Step by step solution

01

Understand the Problem Statement

We are given a rigid body and need to prove expressions for its kinetic energy and angular momentum in terms of angular velocity \( \omega \) and position vectors \( \mathbf{r}_{\alpha} \). We will use provided vector identities and matrix operations.
02

Expression for Velocity

Using the vector identity \( \mathbf{v}_{\alpha} = \boldsymbol{\omega} \times \mathbf{r}_{\alpha} \), express the magnitude squared of the velocity: \( \mathbf{v}_{\alpha}^2 = (\boldsymbol{\omega} \times \mathbf{r}_{\alpha})^2 \).
03

Prove Vector Identity for Cross Products

For any vectors \( \mathbf{a} \) and \( \mathbf{b} \), prove \( (\mathbf{a} \times \mathbf{b})^2 = a^2 b^2 - (\mathbf{a} \cdot \mathbf{b})^2 \). This identity is derived from expanding the cross product in terms of its components and applying the distributive properties of dot products.
04

Substitute and Simplify Kinetic Energy

Using the identity, compute \((\boldsymbol{\omega} \times \mathbf{r}_{\alpha})^2 = \omega^2 r_{\alpha}^2 - (\boldsymbol{\omega} \cdot \mathbf{r}_{\alpha})^2 \).
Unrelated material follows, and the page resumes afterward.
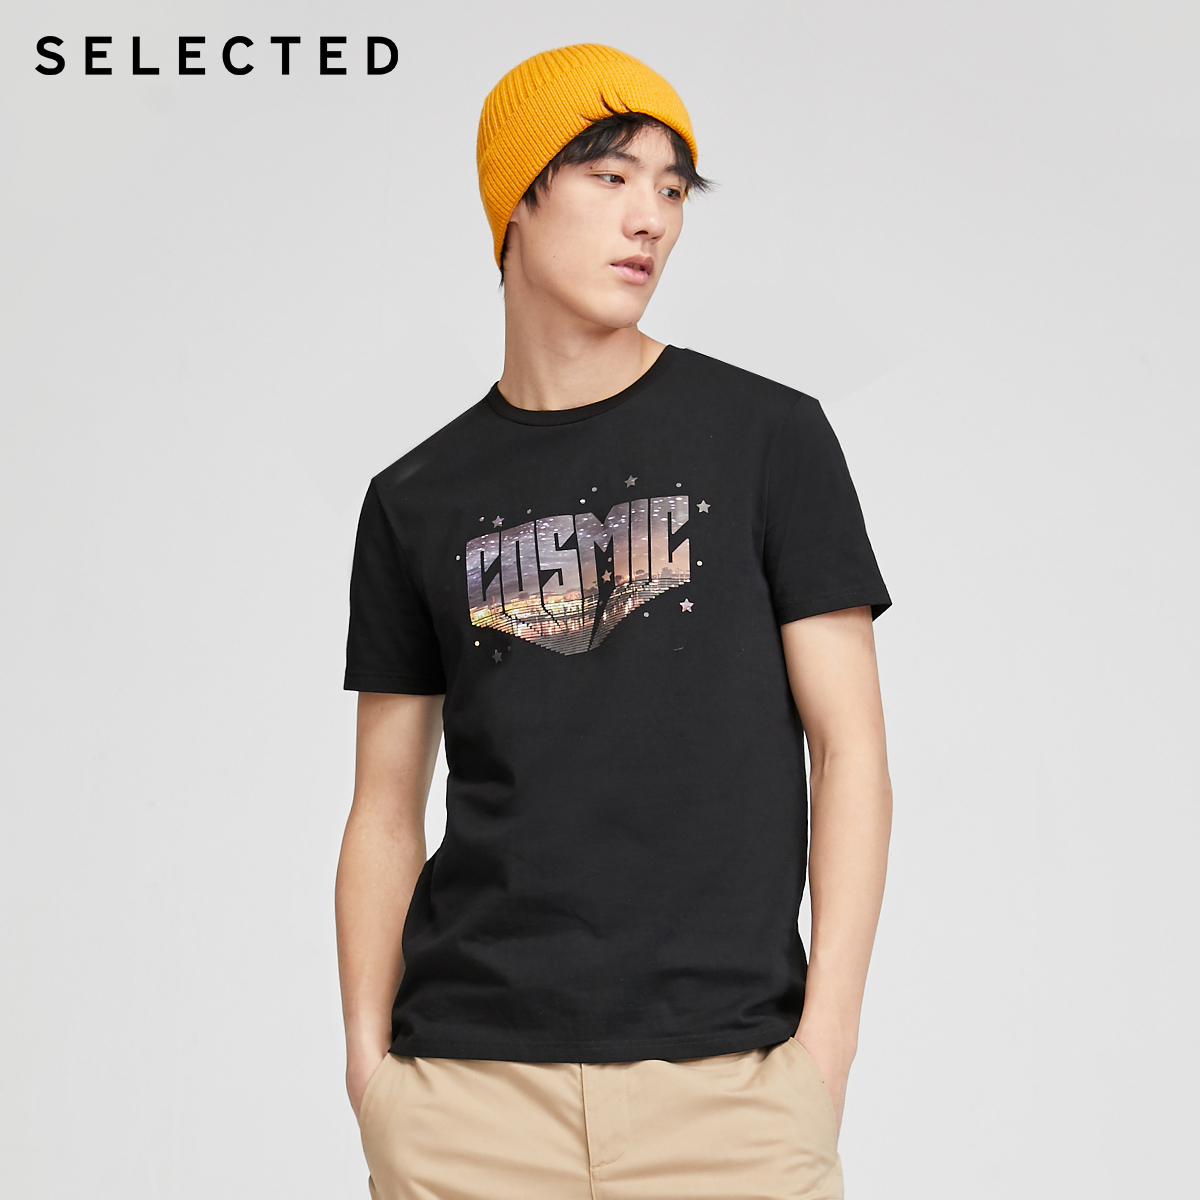 SELECTED Men's 100% Cotton Letter Print Short-sleeved T-shirt S|420201505

Substitute this into the kinetic energy formula for each particle: \[T = \frac{1}{2} \sum m_{\alpha} (\omega^2 r_{\alpha}^2 - (\boldsymbol{\omega} \cdot \mathbf{r}_{\alpha})^2)\]
05

Apply BAC-CAB Rule for Angular Momentum

The BAC-CAB rule tells us:\[\mathbf{A} \times (\mathbf{B} \times \mathbf{C}) = \mathbf{B} (\mathbf{A} \cdot \mathbf{C}) - \mathbf{C} (\mathbf{A} \cdot \mathbf{B})\]Substitute for angular momentum \( \mathbf{L}_{\alpha} = \mathbf{r}_{\alpha} \times (m_{\alpha} \mathbf{v}_{\alpha}) \) to obtain:\[\mathbf{L} = \sum m_{\alpha} [\boldsymbol{\omega} r_{\alpha}^2 - \mathbf{r}_{\alpha} (\boldsymbol{\omega} \cdot \mathbf{r}_{\alpha})]\]
06

Connecting Kinetic Energy and Angular Momentum

Using results from steps 3 and 4, prove that:\[T = \frac{1}{2} \boldsymbol{\omega} \cdot \mathbf{L}\]Since \[T\] can be expressed as \[\frac{1}{2} \sum m_{\alpha} [ \omega^2 r_{\alpha}^2 - (\boldsymbol{\omega} \cdot \mathbf{r}_{\alpha})^2 ]\], this matches the dot product form.
07

Kinetic Energy as a Matrix Expression

Recognize the tensor form of the moment of inertia \( \mathbf{I} \). Using the matrix form, the kinetic energy expression can be re-written as: \(T = \frac{1}{2} \tilde{\boldsymbol{\omega}} \mathbf{I} \boldsymbol{\omega}\) by substituting the definition of \( \mathbf{L} \) in terms of \( \mathbf{I} \).
08

Express Kinetic Energy in Principal Axes

Transform the problem into principal axes where \( \mathbf{I} \) is diagonal. This reduces the expression to simple squared terms: \[T = \frac{1}{2} (\lambda_1 \omega_1^2 + \lambda_2 \omega_2^2 + \lambda_3 \omega_3^2)\] consistent with the principal moments of inertia.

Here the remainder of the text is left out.